## What is needed
Apart from the images, repeat the data below exactly as written.

START Dataset section

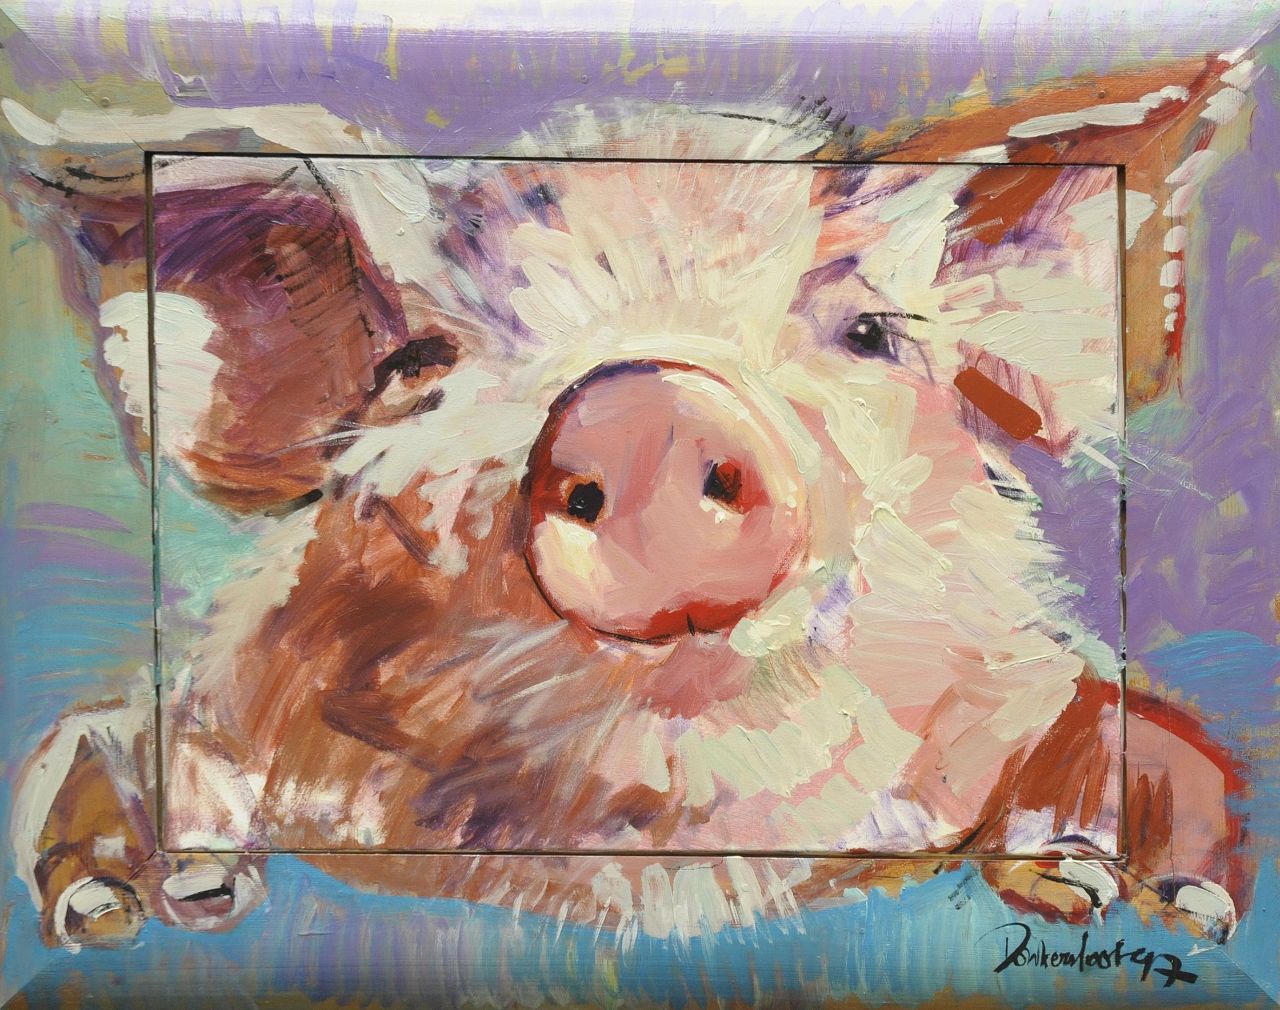 Donkersloot P.  | Peter Donkersloot, Pig, oil on canvas 61.7 x 85.1 cm, signed l.r. and dated '97
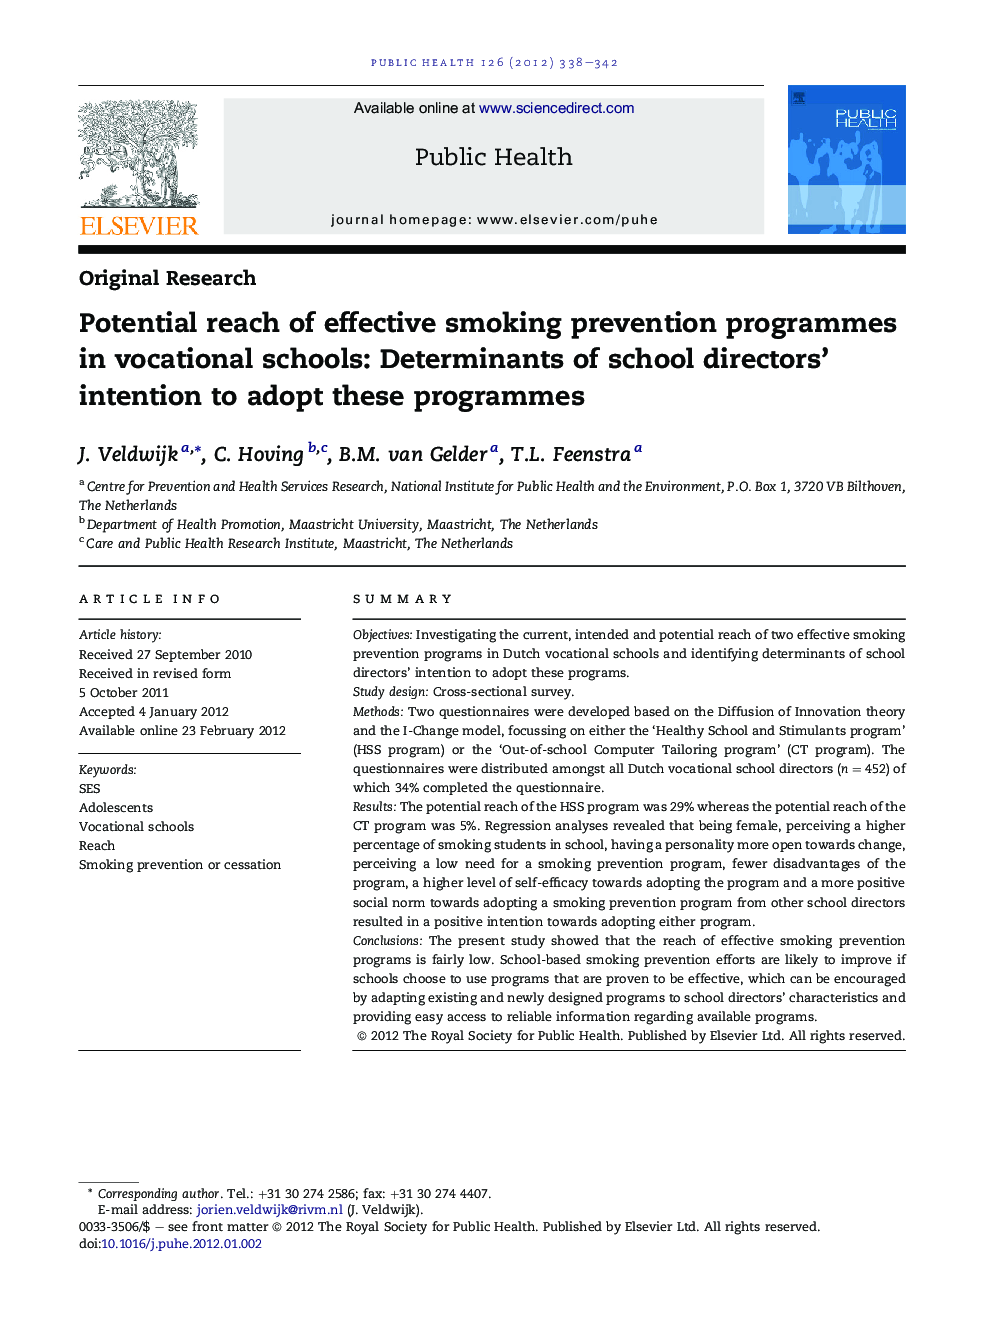 Potential reach of effective smoking prevention programmes in vocational schools: Determinants of school directors’ intention to adopt these programmes
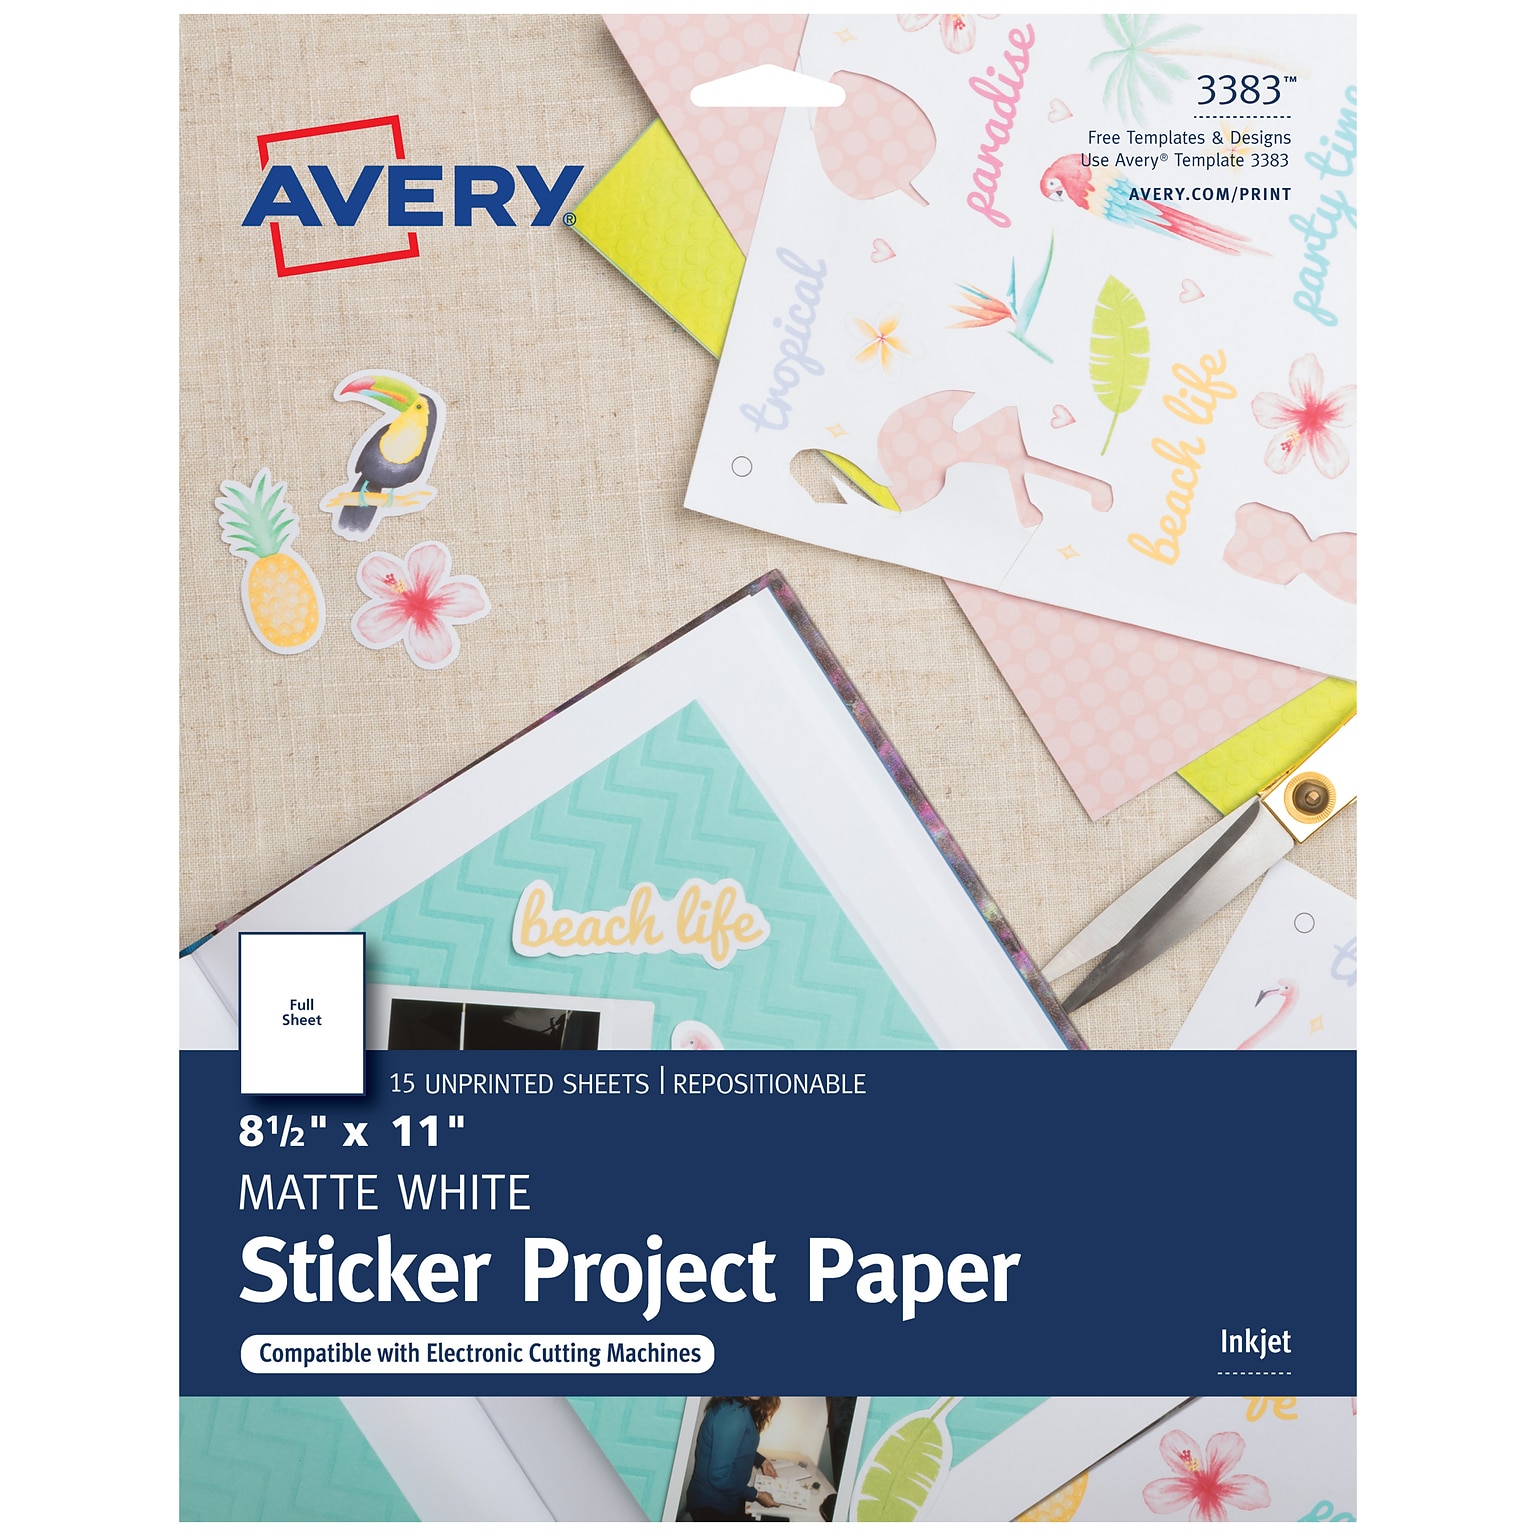 Avery Repositionable Inkjet Sticker Paper, 8.5 x 11, White, 1 Label/Sheet, 15 Sheets/Pack, 15 Stickers/Pack (3383)

END Dataset section

## Exercise result
 Donkersloot P.  | Peter Donkersloot, Pig, oil on canvas 61.7 x 85.1 cm, signed l.r. and dated '97
 Potential reach of effective smoking prevention programmes in vocational schools: Determinants of school directors’ intention to adopt these programmes
 Avery Repositionable Inkjet Sticker Paper, 8.5 x 11, White, 1 Label/Sheet, 15 Sheets/Pack, 15 Stickers/Pack (3383)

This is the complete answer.